Yes there are, but I'm so tired of hearing about them every time I read a mainstream media piece about the 'net. There are a handful of pedophiles (on the 'net and in "real life"), but there are thousands of companies (on the net and in "real life")that may want to collect information about children. They don't want to sexually abuse the precious moppets, but they do want to exploit them. They want to exploit you and me too, but that doesn't make it okay.
That having been said, I agree somewhat that
Without consent is bad. But who is entitled to give consent? The law (in most states) says an individual must be 18 in order to give consent for sex (unless he/she is married). But a girl can (f'rinstance) consent to an abortion at any age.
Children (not their parents/guardians) should be able to give consent to have information collected from/about them once they reach a certain age. Younger than that, and they're their parents'/guardians' responsibility. What is that magical age? I don't know, but I do know it's younger than 18, and older than 5. YMMV.
How to enforce it? I don't know that either. It seems unenforceable.
First, I agree with your overall point - many parents use Television (and increasingly the PC/Internet) as electronic babysitters, which is abhorrent..
But another (equally valid) point is that it's simply not possible to supervise a child 24 hours a day.. and if a kid REALLY wants to do something, they are going to find a way to do it..
If Mom is surfing with the child, and she doesn't let him/her fill out a form (even if she explains why,) if the kid wants to see that site, the parent is not going to be able to stop the child from getting up early and going down to the computer room (ok, it _IS_ possible, if you're running a multi-user OS, and have proper permissions on the browser.. but let's be realistic, how many home users can actually do this - or even know it's possible?).. or what if little Bobby decides to go play at his friends place, who's parents don't supervise 'net activity? And let's face it - most children know way more than their parents about computers.
My little sister once got it into her head that she wanted to smell everything (including everything that came in a bottle..) my parents warned her not to - it was dangerous, blah, blah... but when nobody was looking, she would always try to see what something smelled like... until she tried the bottle of bleach my mother kept under the bathroom sink (yes, the one with the child-proof lid) and she ran around screaming "my nose is on fire! my nose is on fire!"
I agree that responsible parents will supervise their children when they're online, but if a website offers enough of an incentive, a child will always find a way to do it without consent.

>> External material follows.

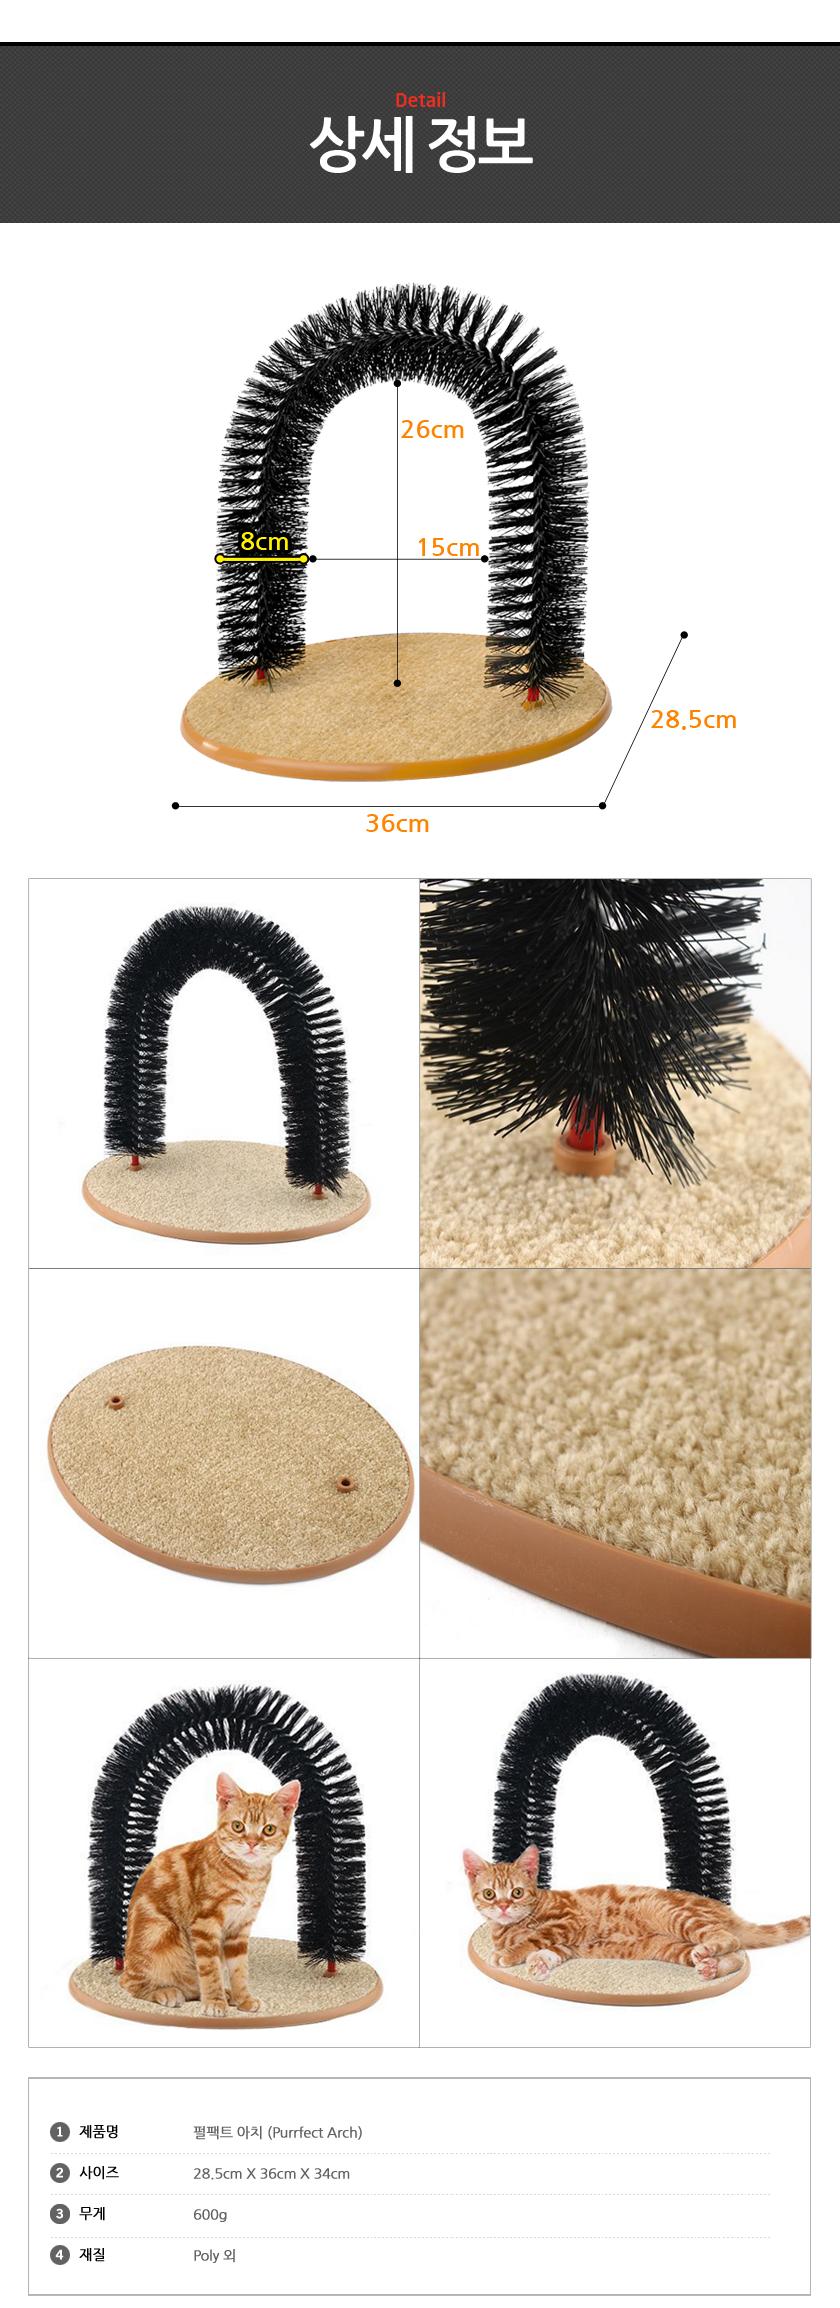 펄팩트 아치 Purrfect arch22,000원-하이디아펫샵, 고양이용품, 미용/목욕용품, 브러쉬바보사랑펄팩트 아치 Purrfect arch22,000원-하이디아펫샵, 고양이용품, 미용/목욕용품, 브러쉬바보사랑

This article reminded me of something that happened earlier this year. Many years ago, I created a web page on Geocities (this was back when Geocities didn't suck). After the creation of the COPPA (last year), Geocities made a parent's permission required to create a web page on it for children under 13. I didn't really care, because I was over 13 at the time they made the announcement. Then, in February (I think), Geocities sent me an email saying that because I was under 13 at the time I had started my web page, they would require information from my parents or my page would be deleted. They wanted things like my address, my phone number, and other things that weren't required to sign up initially. I wrote Geocities an angry letter, knowing very well that nobody actually reads the email that gets sent to them. Not that I actually cared. My web page was fairly popular, but I was fed up with Geocities anyway (the slow speed, the lack of support, the pop-up banners, etc.) So I let them delete my page.
I believe that the COPPA is not neccesary. If parents don't want their children visiting particular web sites, they should be monitoring their children's Internet usage. Parents shouldn't be required to give web sites a lot of information just to let their children visit the sites.